Katharine Graham

Katharine Graham is an essential part of the history of American journalism, especially for women. Her parents bought The Washington Post when she was just sixteen years old. She began working for the Post in 1938 at the age of 21. In 1946, her husband Philip Graham became the head publisher of the Post. Graham dealt with many issues including alcoholism and mental illness and could not overcome these issues leading to his suicide in 1963. Katharine took charge of the company after her husbands death and was head of the Post from 1963 onward. She was chairman of the board from 1973 to 1991. In 1972, Katharine Graham became the first female Fortune 500 CEO as the CEO of the Washington Post company. Because she was the only woman with such a high position in this field, she struggled with being taken seriously by her male colleagues and employees. In her memoir published in 1997, she discusses the lack of confidence she had in herself which stemmed from a bad relationship with her mother who was very negative and condescending towards her for most of her childhood. Although Katharine suffered from self confidence issues, she won the Pulitzer Prize for her memoir in 1998 and is a role model for women everywhere, especially aspiring female journalists.

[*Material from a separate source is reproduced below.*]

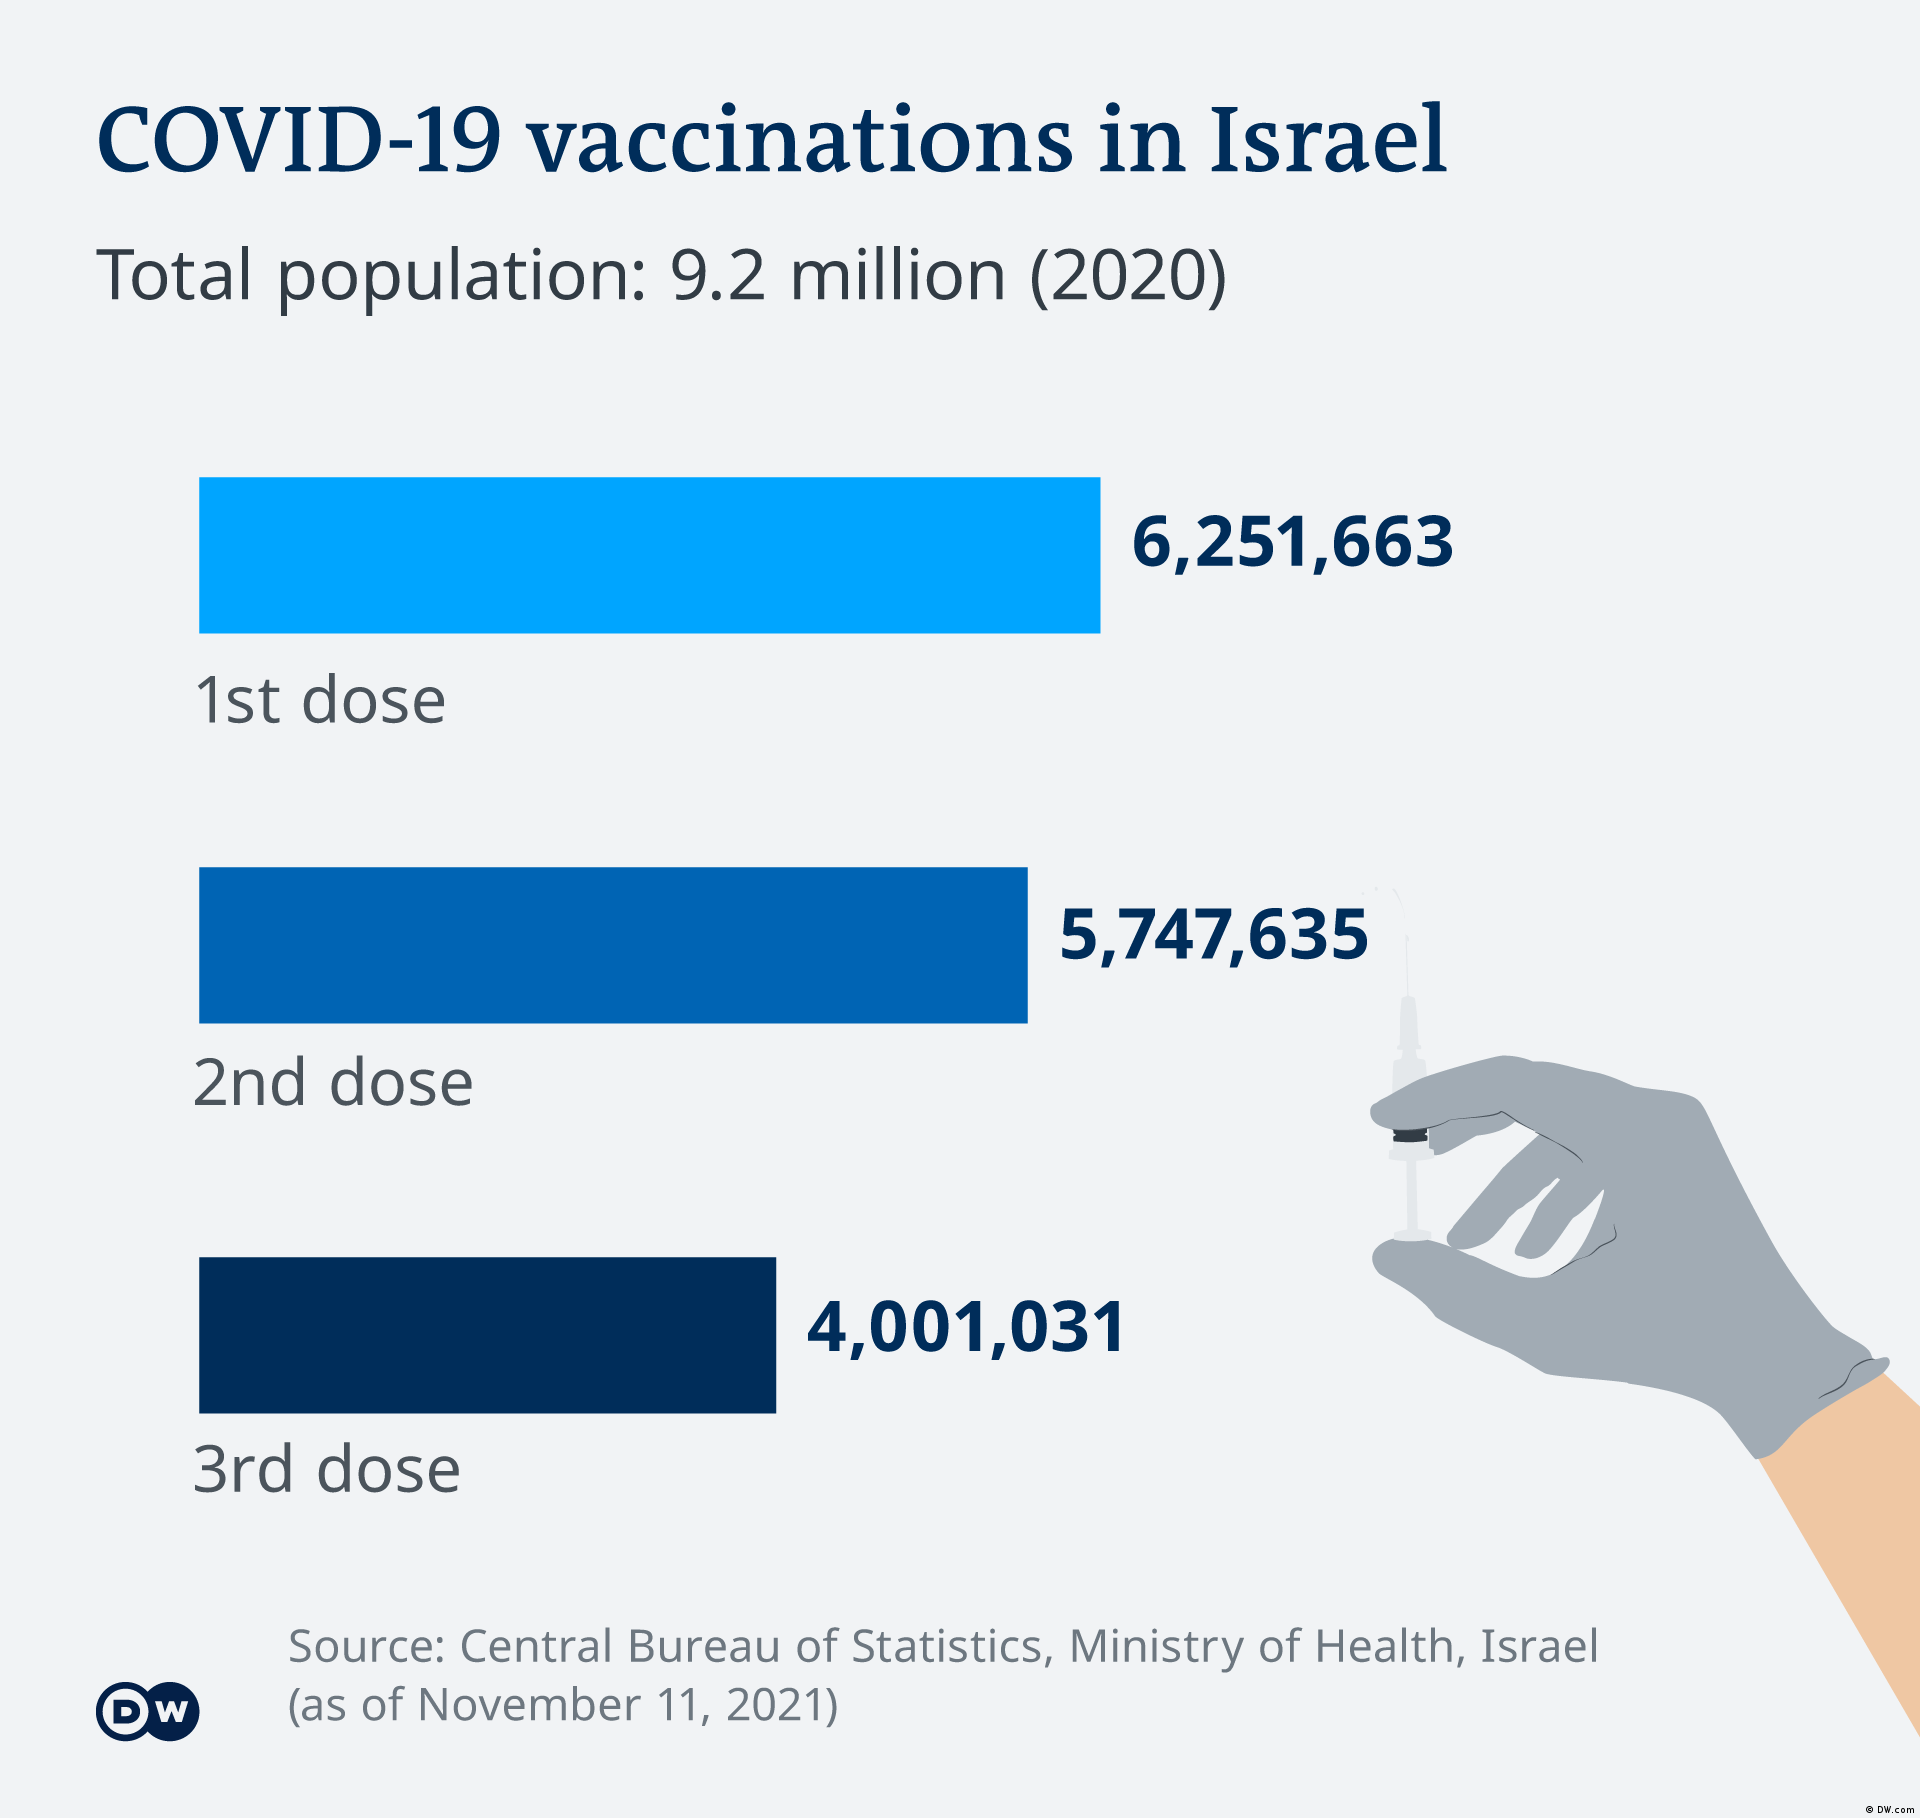 3rd dose of covid vaccine

Katharine was in charge of the Post during one of the most important times in American history: the Watergate scandal. The Post was crucial in unveiling the details of this scandal which eventually led to President Nixon’s resignation. The fact that a female was in charge of a paper was shocking during this time period, let alone during one of America’s most famous scandals. Katharine Graham is proof that you can overcome bad situations and be successful no matter what. She was an advocate for gender equality in her company and in journalism and she has paved the way for many female journalists and publishers who have come after her.